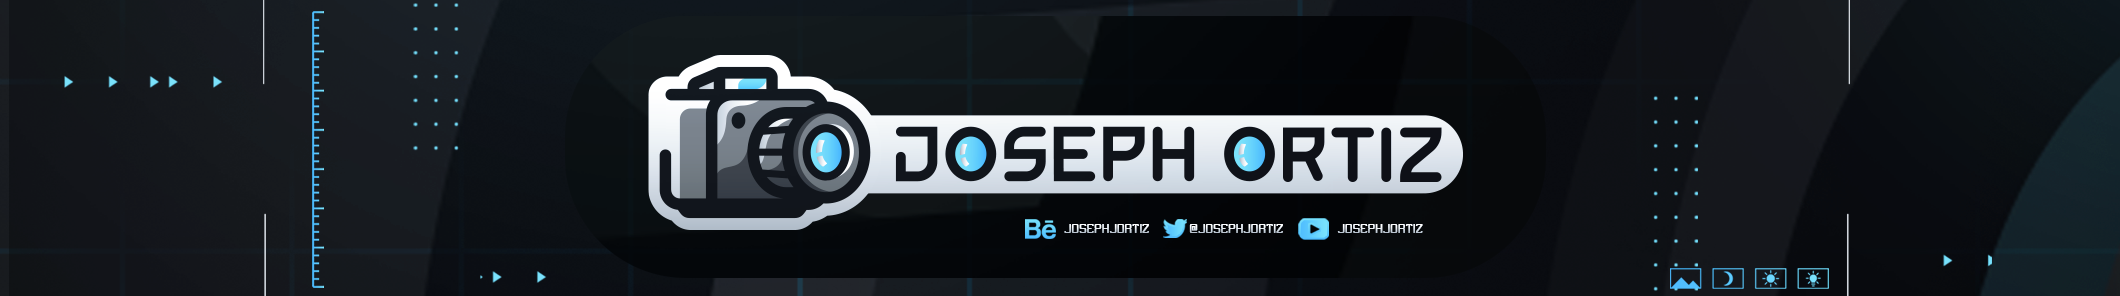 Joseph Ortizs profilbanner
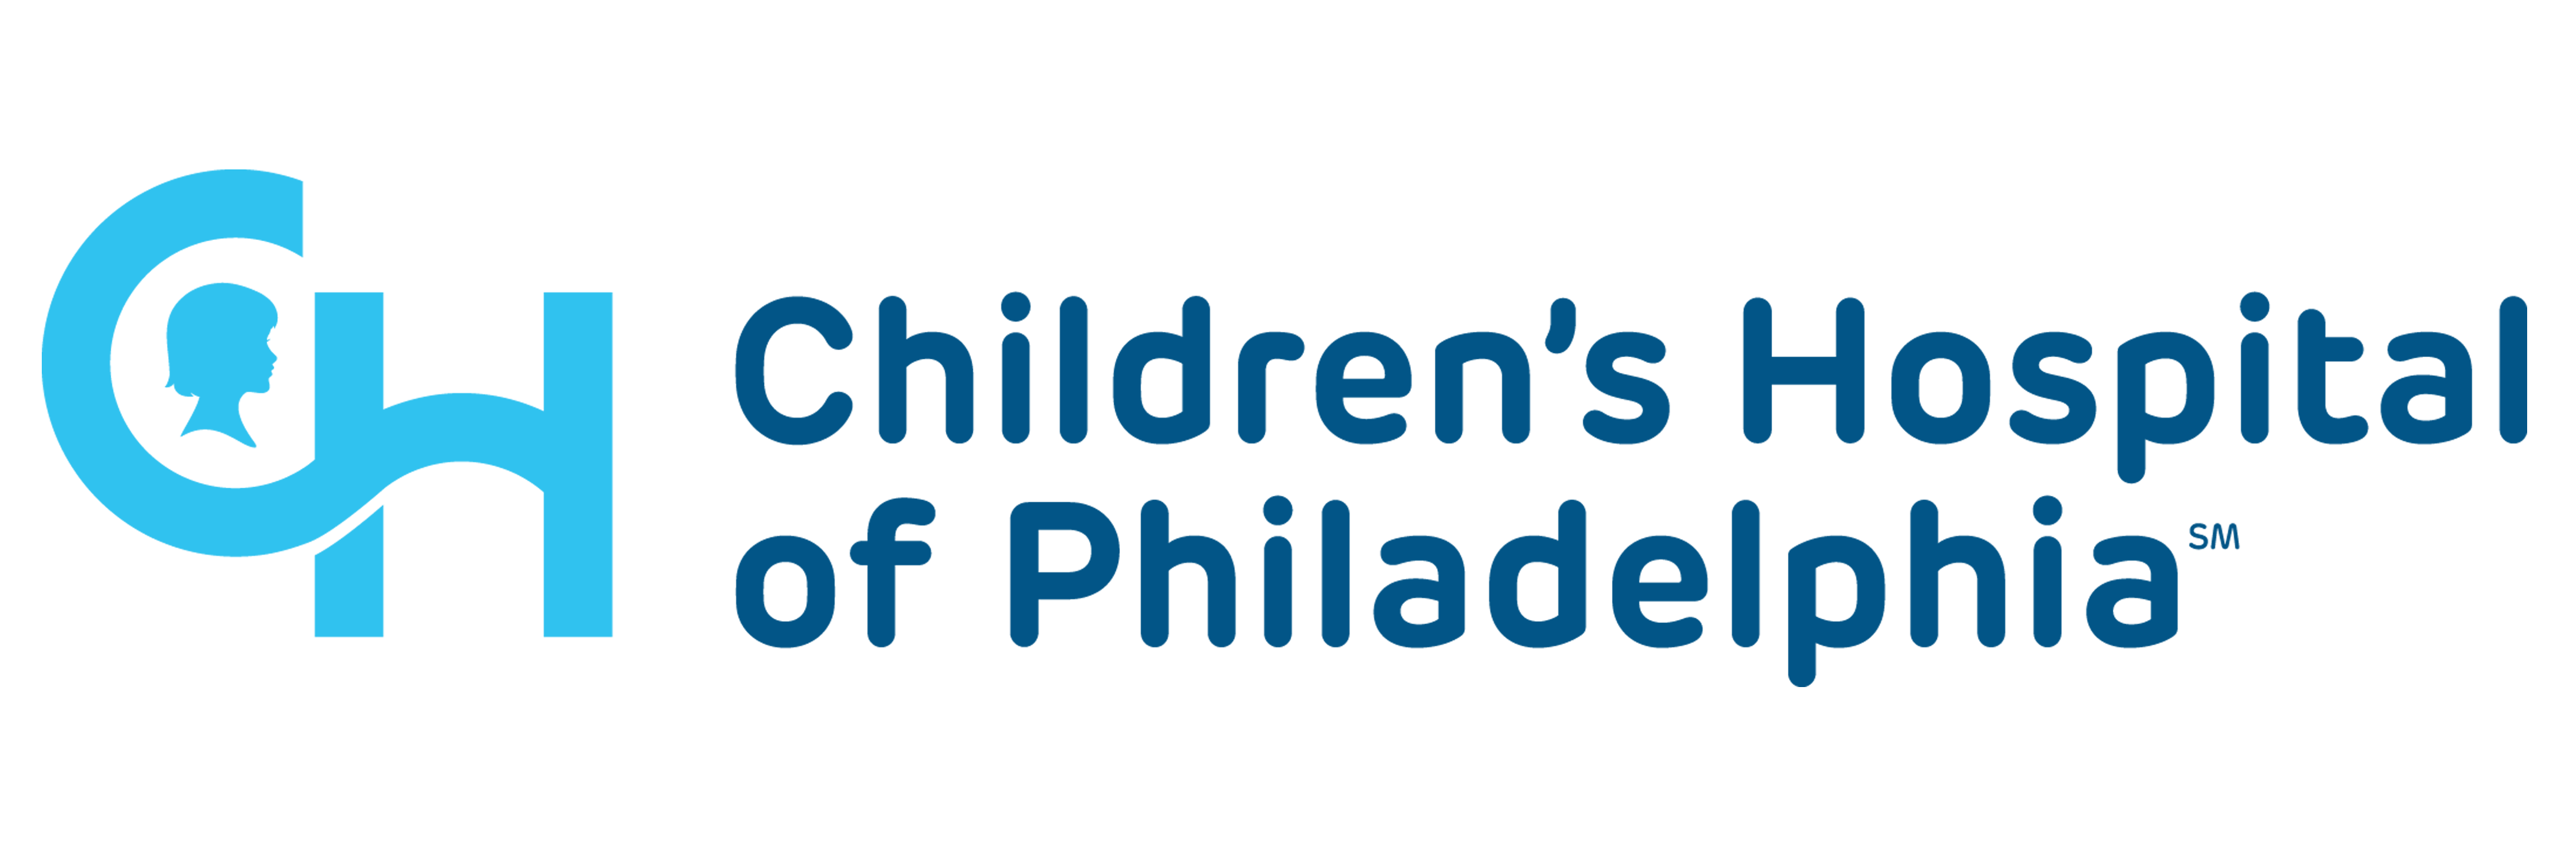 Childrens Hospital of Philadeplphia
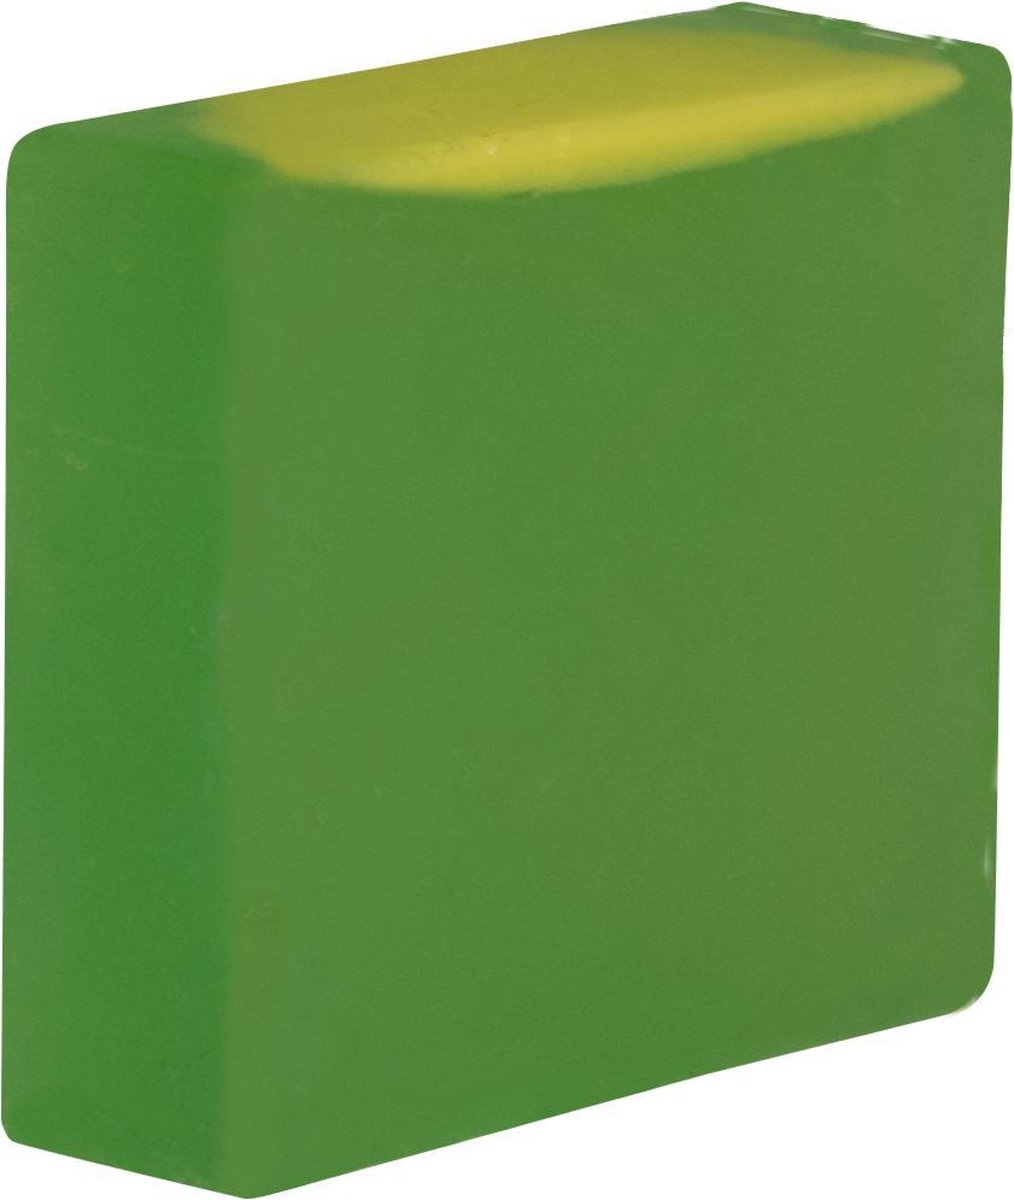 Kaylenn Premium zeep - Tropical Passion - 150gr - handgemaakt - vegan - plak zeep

+===+

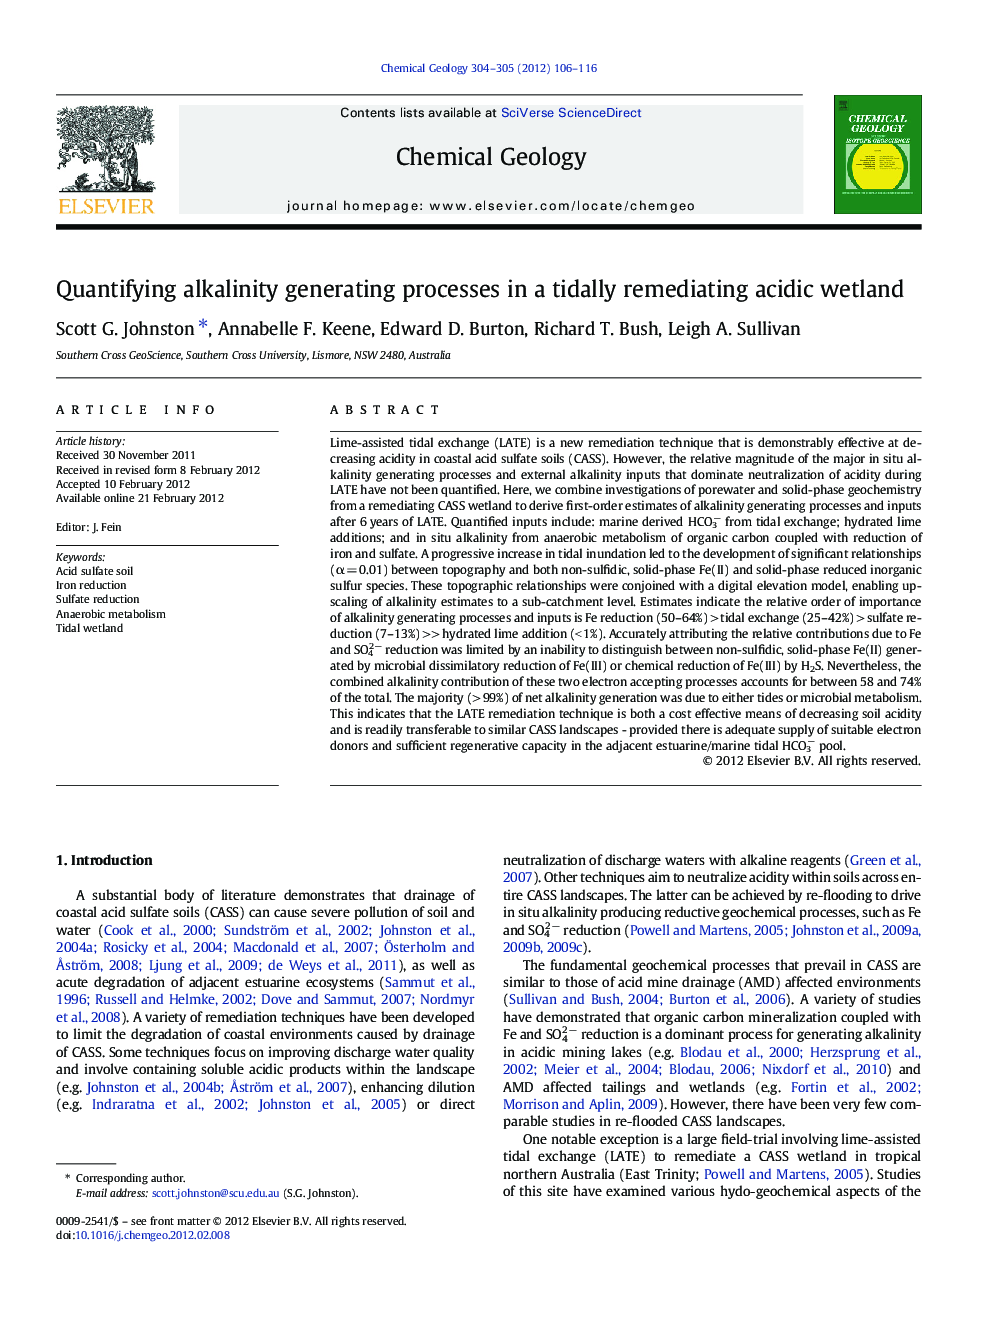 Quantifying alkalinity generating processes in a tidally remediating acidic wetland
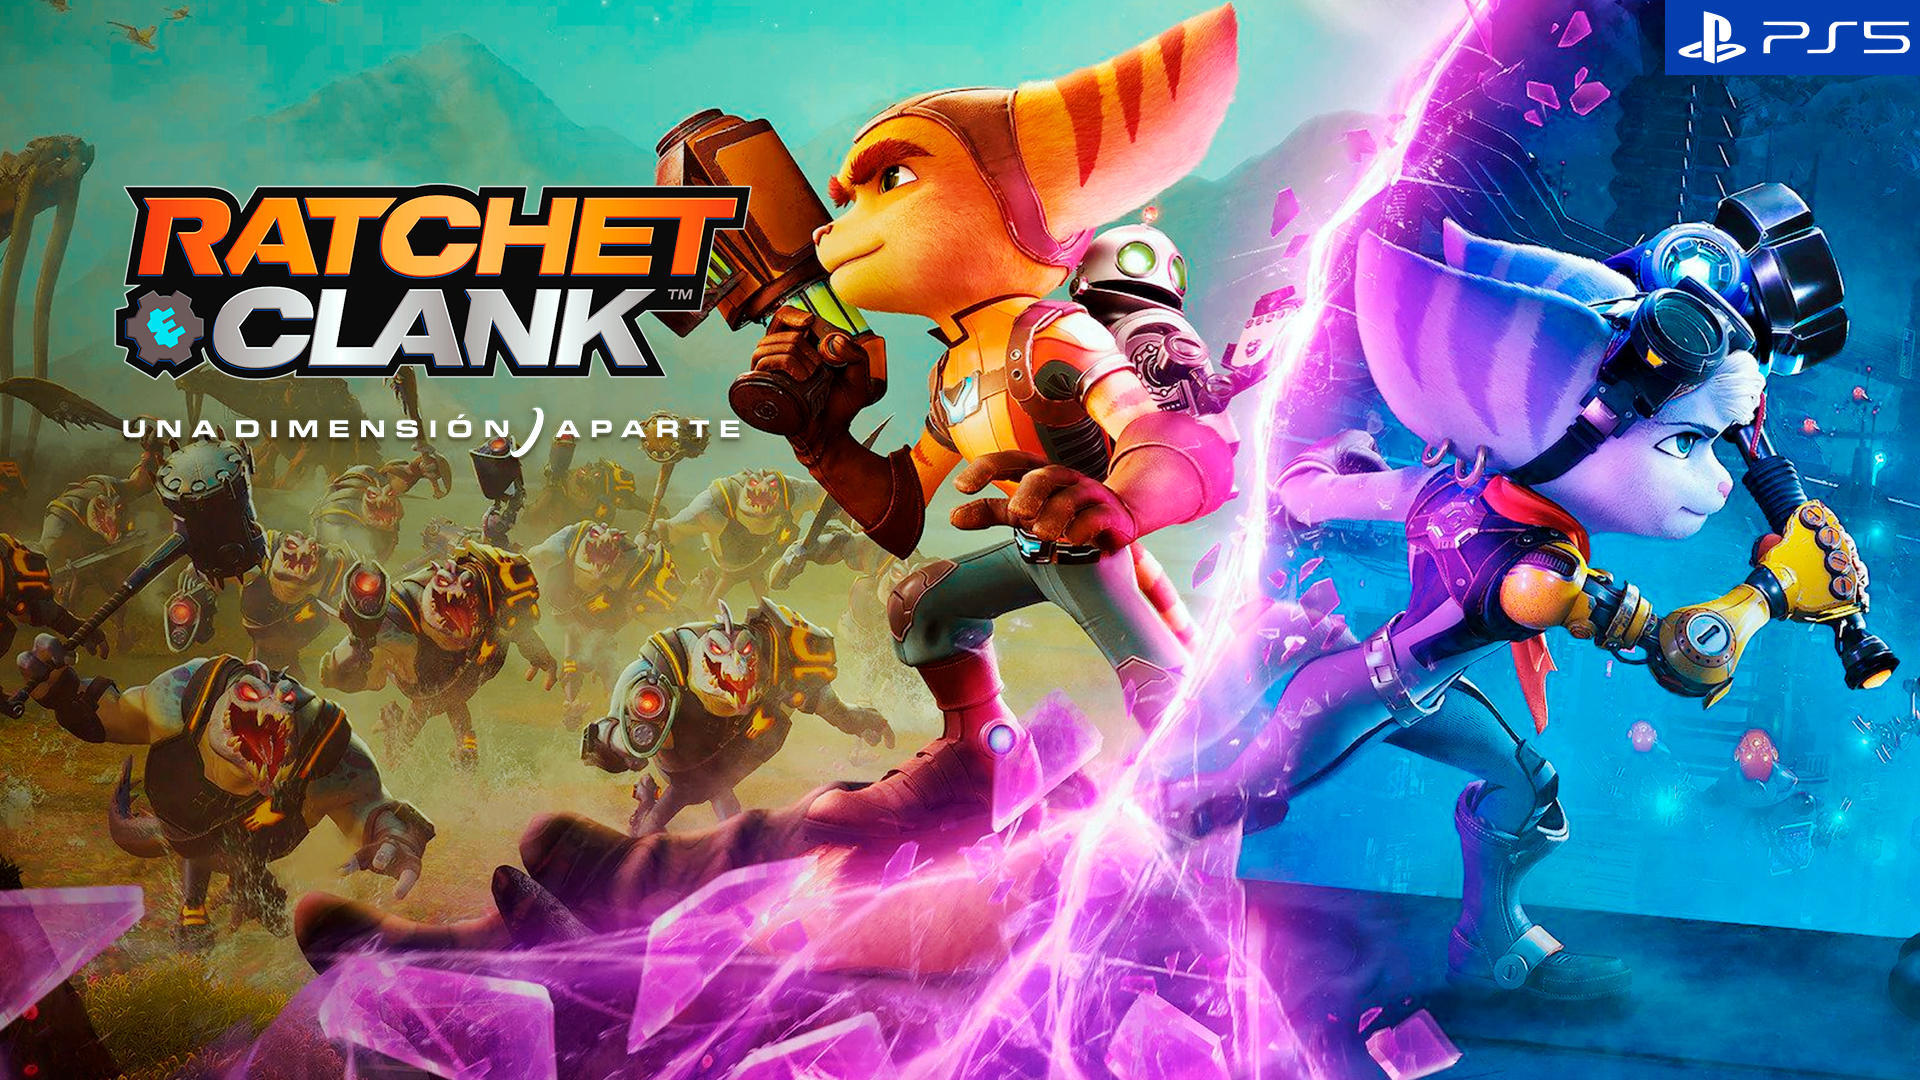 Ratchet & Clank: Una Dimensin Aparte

+===+

Exercise objective
Leave the pictures out. Output, exactly, the lines of the material above starting at the line containing "Joseph Ortizs profilbanner" and ending at the line containing "Kaylenn Premium zeep".

Answer to this exercise
 Joseph Ortizs profilbanner
 Childrens Hospital of Philadeplphia
 Kaylenn Premium zeep - Tropical Passion - 150gr - handgemaakt - vegan - plak zeep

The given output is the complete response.